Azarias autem filius Oded facto in se spiritu Dei
2 Hij verscheen voor Asa, en sprak tot hem: Asa, en heel Juda en Benjamin, luistert naar mij! Jahweh is met u, als gij met Hem zijt. Wanneer gij Hem zoekt, zal Hij Zich door u laten vinden, maar verlaat gij Hem, dan verlaat Hij ook u.
egressus est in occursum Asa et dixit ei audite me Asa et omnis Iuda et Beniamin Dominus vobiscum quia fuistis cum eo si quaesieritis eum invenietis si autem dereliqueritis derelinquet vos
3 Lange tijd was Israël zonder den waren God, zonder priesters, die hen onderrichtten, en zonder Wet.
transibunt autem multi dies in Israhel absque Deo vero et absque sacerdote doctore et absque lege
4 Maar wanneer zij dan in nood geraakten, bekeerden zij zich tot Jahweh, Israëls God; dan zochten zij Hem, en Hij liet Zich door hen vinden.
cumque reversi fuerint in angustia sua ad Dominum Deum Israhel et quaesierint eum repperient
5 In zulke tijden was niemand veilig, of hij uitging of terugkwam; maar er heerste een geweldige onrust onder de bewoners dezer streken.
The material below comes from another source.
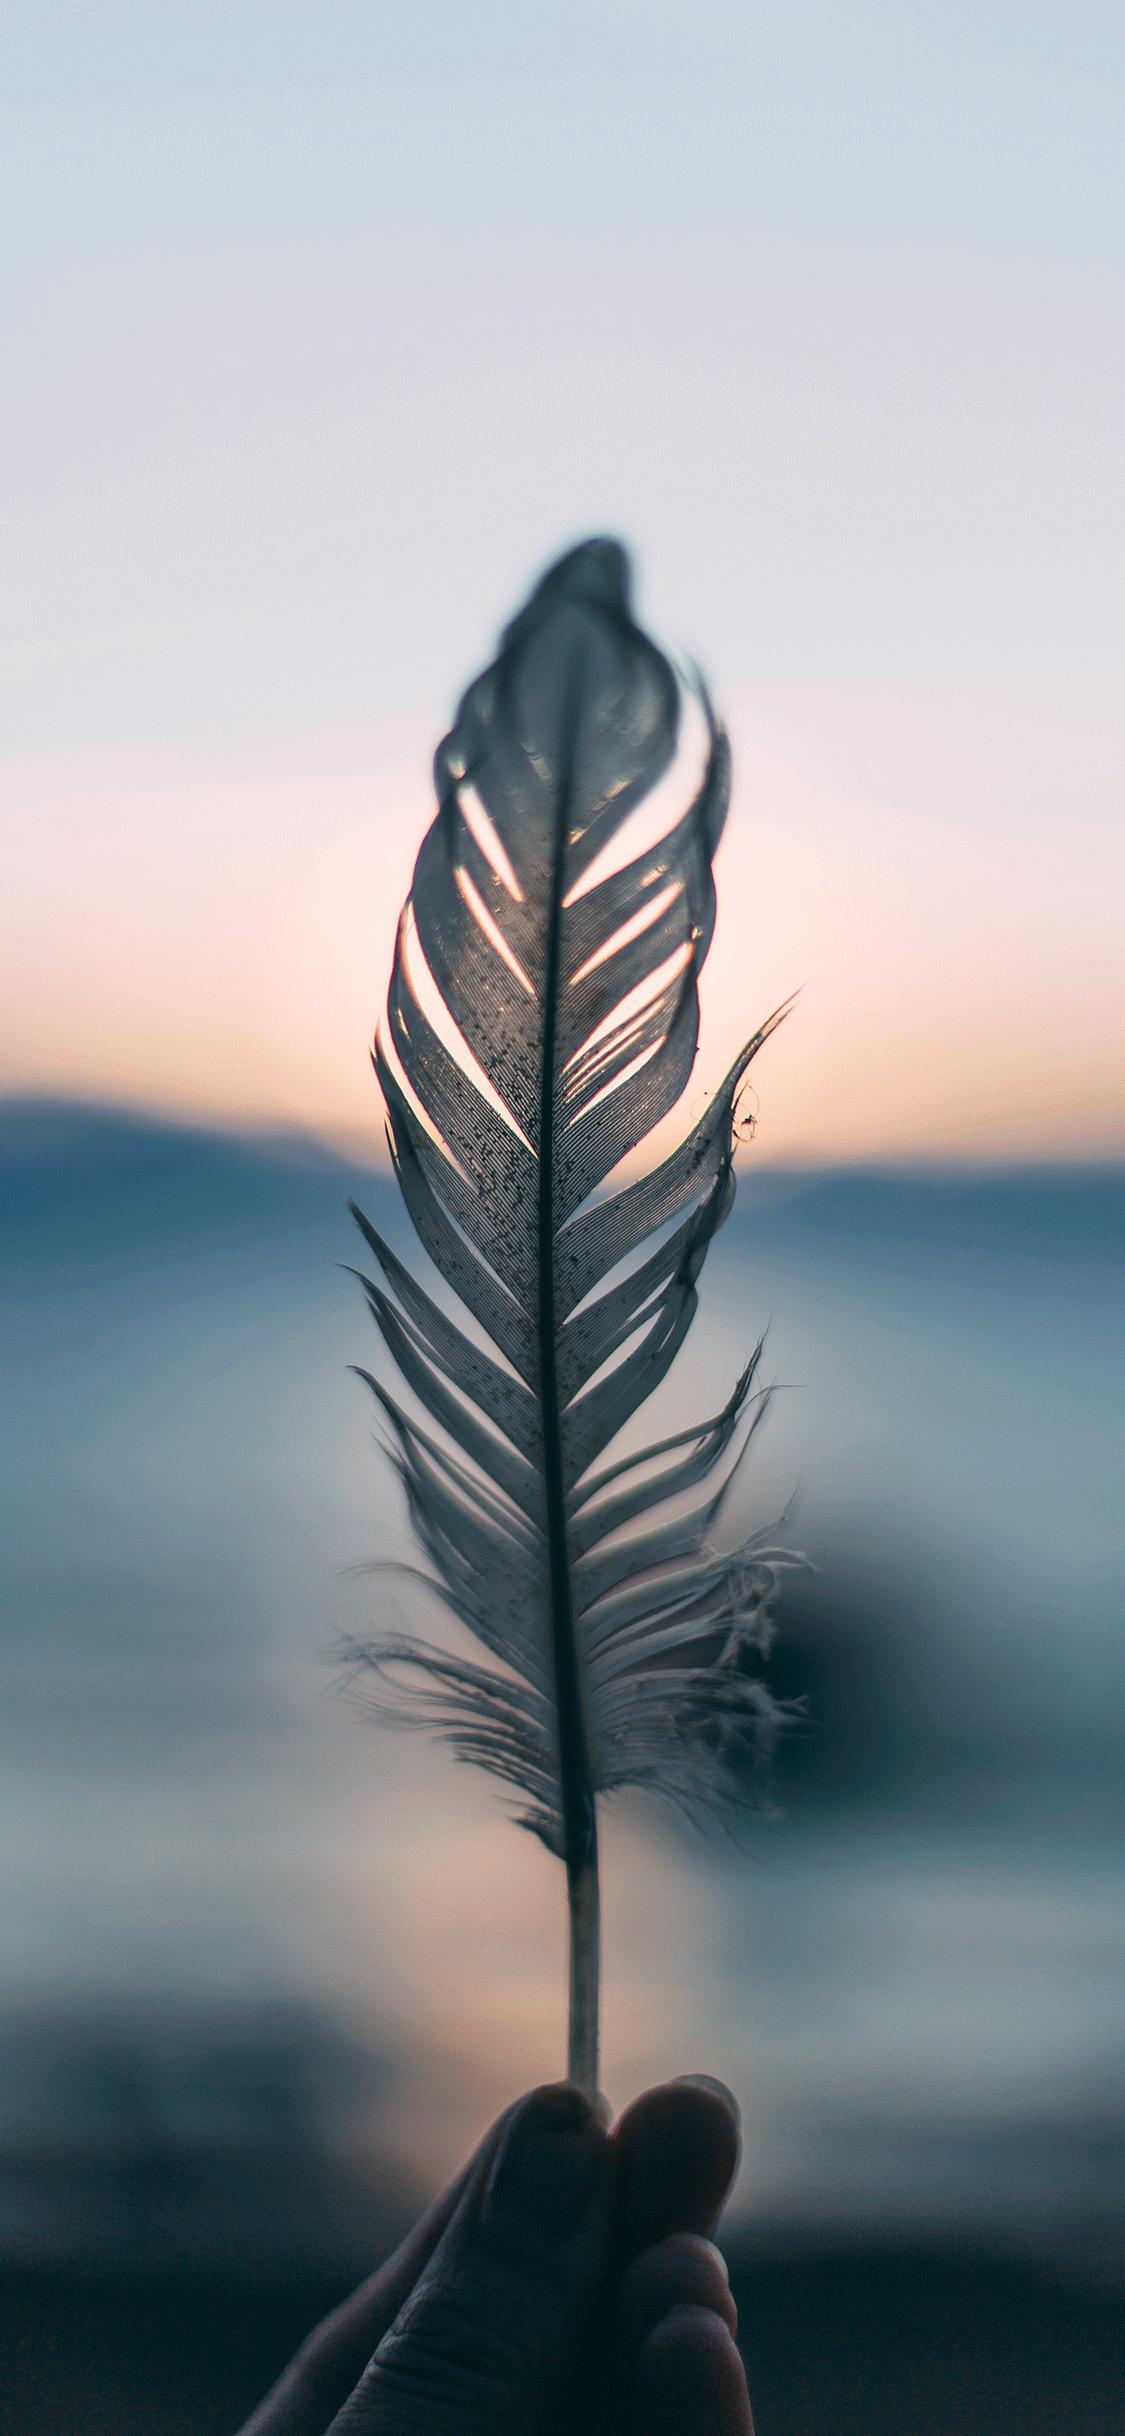 iPhone wallpaper bokeh effect feather Bokeh Effect

in tempore illo non erit pax egredienti et ingredienti sed terrores undique in cunctis habitatoribus terrarum
6 Het ene volk lag overhoop met het andere, de ene stad met de andere; want God bracht hen in verwarring, en in allerlei nood.
pugnabit enim gens contra gentem et civitas contra civitatem quia Dominus conturbabit eos in omni angustia
7 Weest gij dus sterk, laat uw handen niet verslappen; want gij zult voor uw moeite worden beloond.
vos ergo confortamini et non dissolvantur manus vestrae erit enim merces operi vestro
8 Zodra Asa deze woorden en de profetie van den profeet Azarjáhoe, den zoon van Oded, vernam, vatte hij moed, liet de gruwelen opruimen in heel het land Juda en Benjamin en uit de steden op het Efraïmgebergte, die hij veroverd had, en vernieuwde het altaar van Jahweh, dat voor de voorhal van Jahweh stond.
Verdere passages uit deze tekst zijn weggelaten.